I am so sorry you are feeling so down and yukky right now. I totally understand what you are going thru (see below, this is my fourth HG pregnancy :shock: ) and I have had three separate HG "caretakers" with my pregnancies. One was my parents, and each of my husbands.

While I am totally TOTALLY in support of your decision, I really did just want to say one thing to you. PLease dont make any final decisions on this until at least six months postpartum. I mean, no vasectomies, no tubal ligations, nothing permanent. I am in NO way trying to discount your fears, or your feelings, but I would hate to see you make a decsion that you cant take back later. When I was pregnant with my first, I swore to God, Buddha, anyone who would listen that I would NEVER get pregnant again.
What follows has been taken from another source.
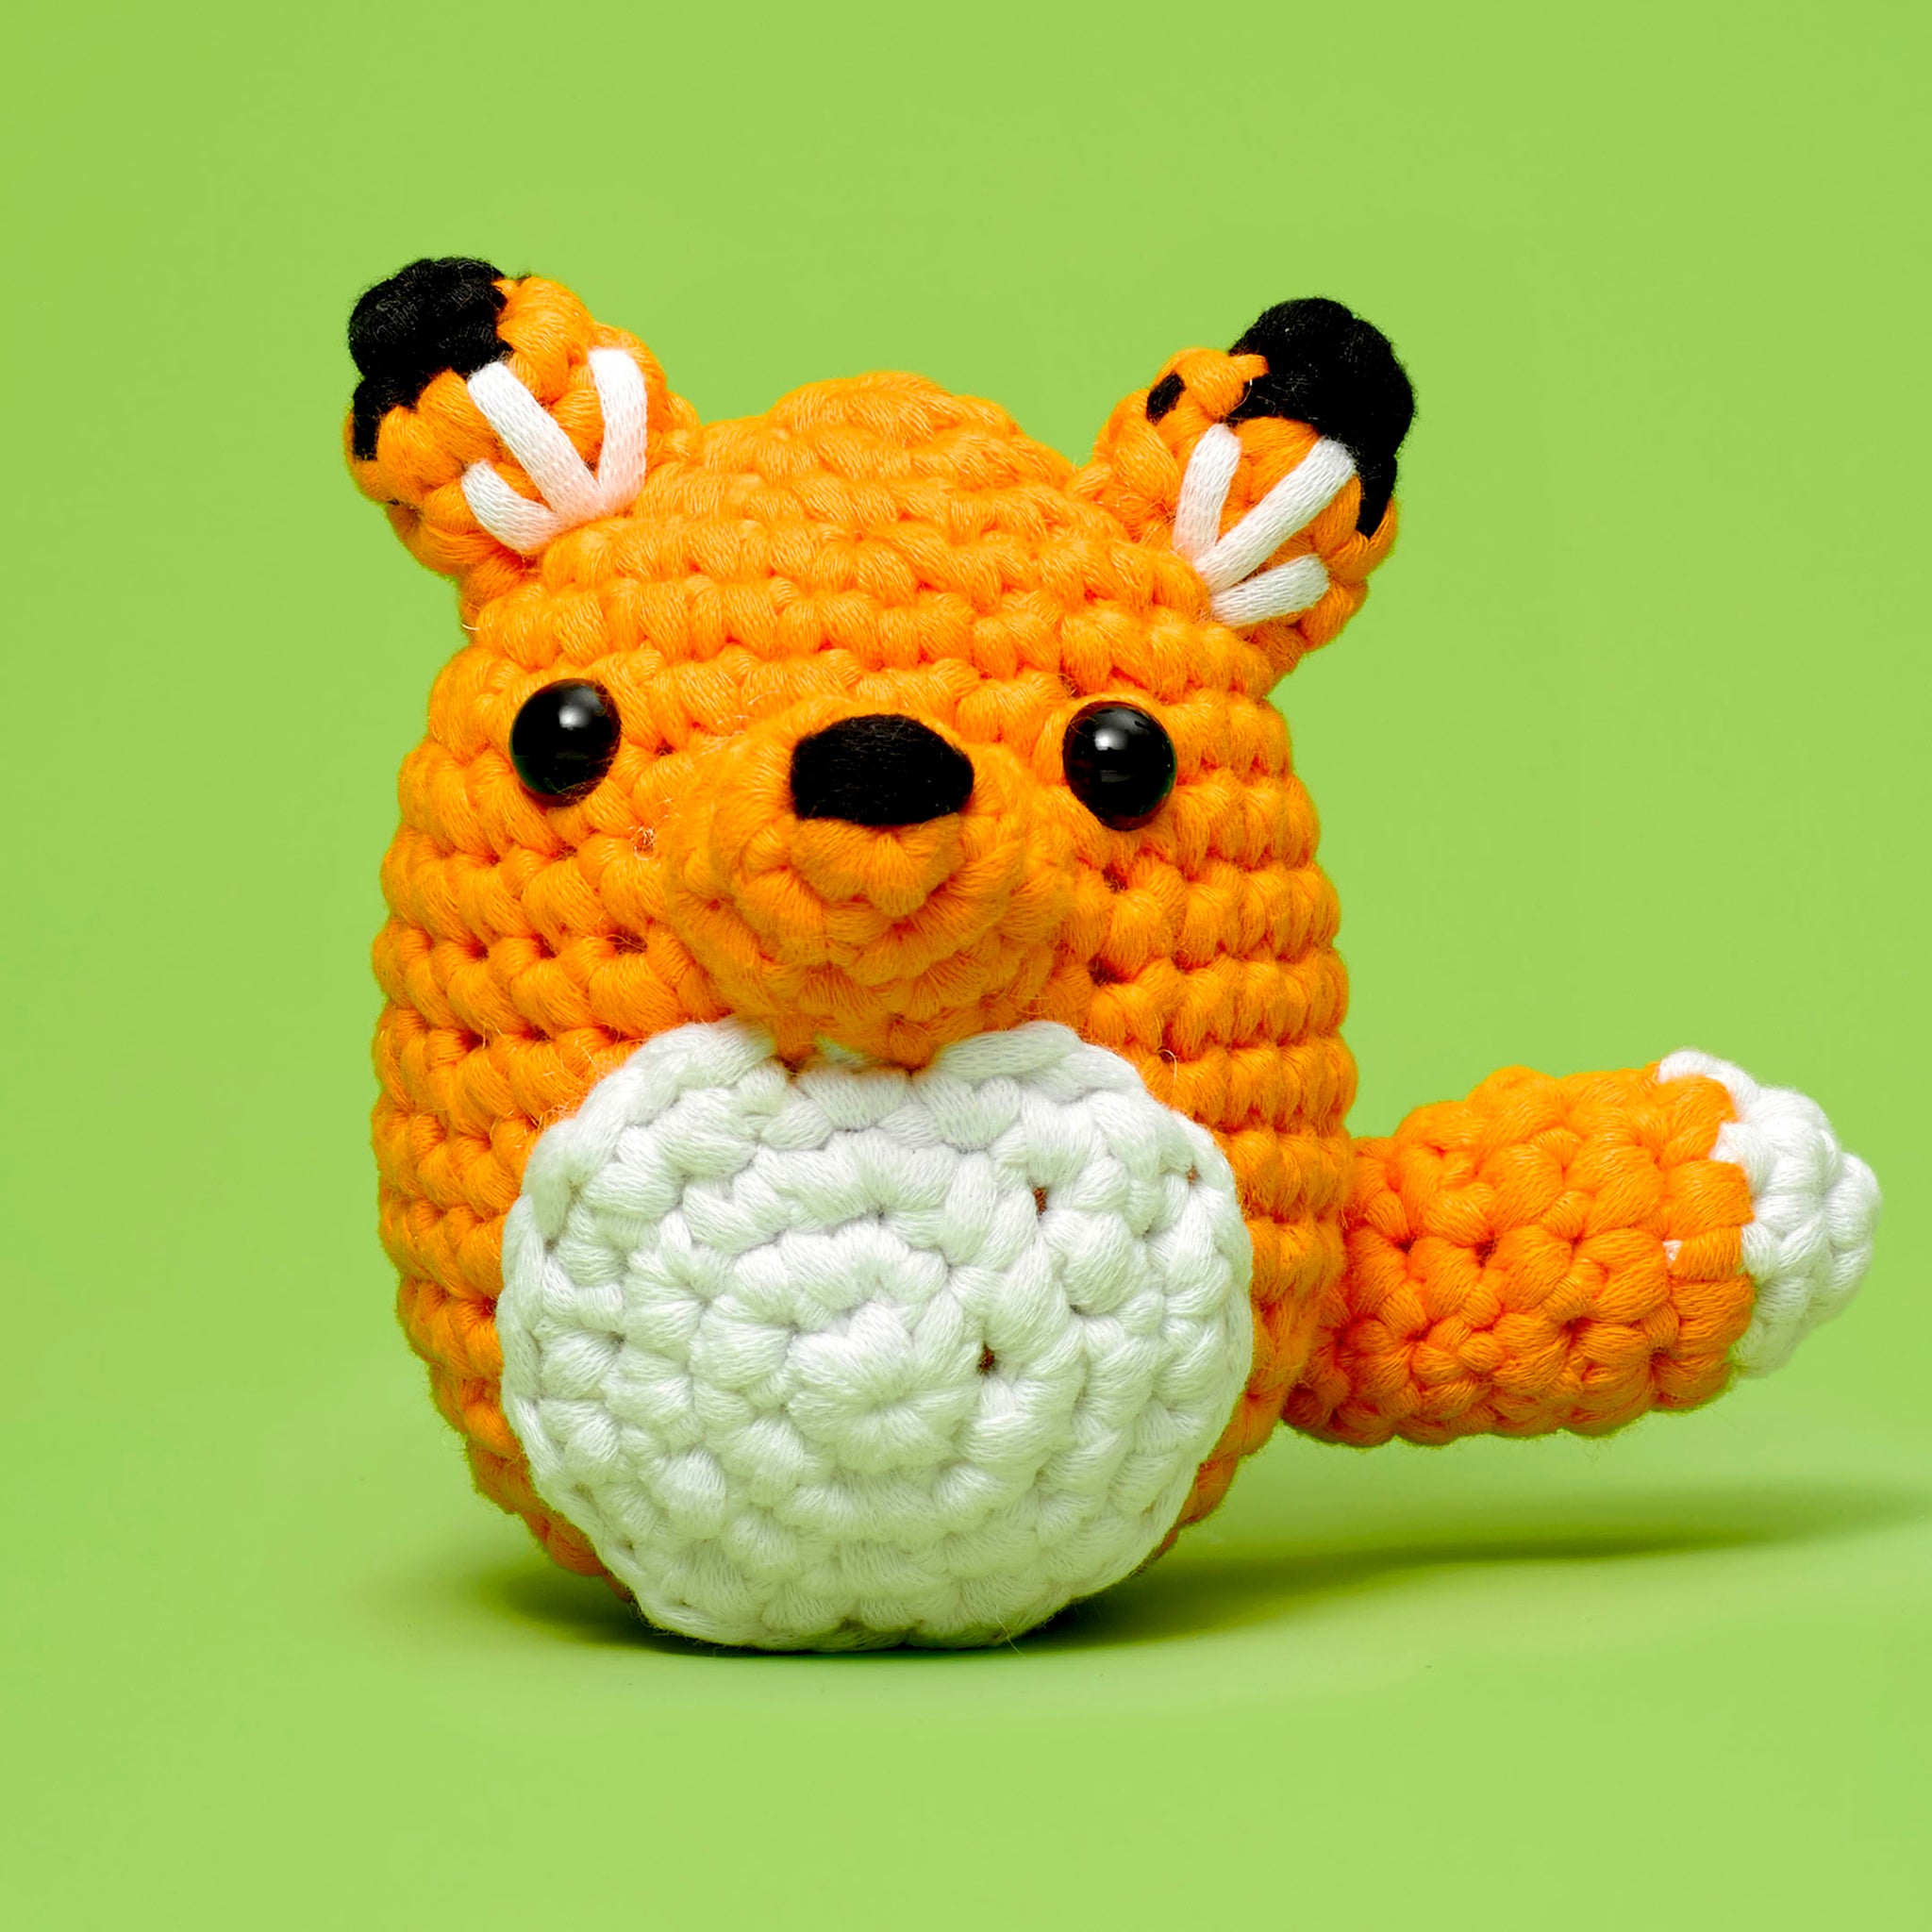 16 Amazing Gifts for Crocheters - You Should Craft

I was so sure, and I actually wrote it in his baby book!! And then I lost him, and I stopped being sick, and over time, the feelings changed. KNowing the massive HG I had, I actively tried for my second, and had the same thoughts from 5 weeks til delivery, NO MORE BABIES FOR ME!!!!. I lost the baby, lost the HG, and the feelings changed. When I was 10 weeks with my third, I spoke to the OB about getting my tubes tied. I had the worse case of HG so far, I lost 30 lbs, threw up constantly for 35 weeks, spent three months of it admitted to Mother/baby, and once went into early renal failure. I had my son in Nov, and chose not to have the tubes tied. (not because of a changed mind, but because it came with a co-pay we couldnt afford at that time). After the pregnancy, my DH admitted to me that he spent days crying on his way to work, and that once, at the peak of it, he even researched terminations. He has been to war in Iraq and maintains (laughing about it now), that HG was harder!! :lol:

Two years later, my son is a toddler, and I am pregnant YET AGAIN. And we werent just trying, we actually went to fertility experts, thats how despearte we were to have another. Its quite funny now, looking back on it. I still have HG, but have learnt how to deal with it. I also can think now that the end result is worth it, and coming from someone with experience (not just pregnant friends that threw up once their entire pregnancies!! :roll: ) that it IS a short period of time to be sick, and that it is well worth what you get for it.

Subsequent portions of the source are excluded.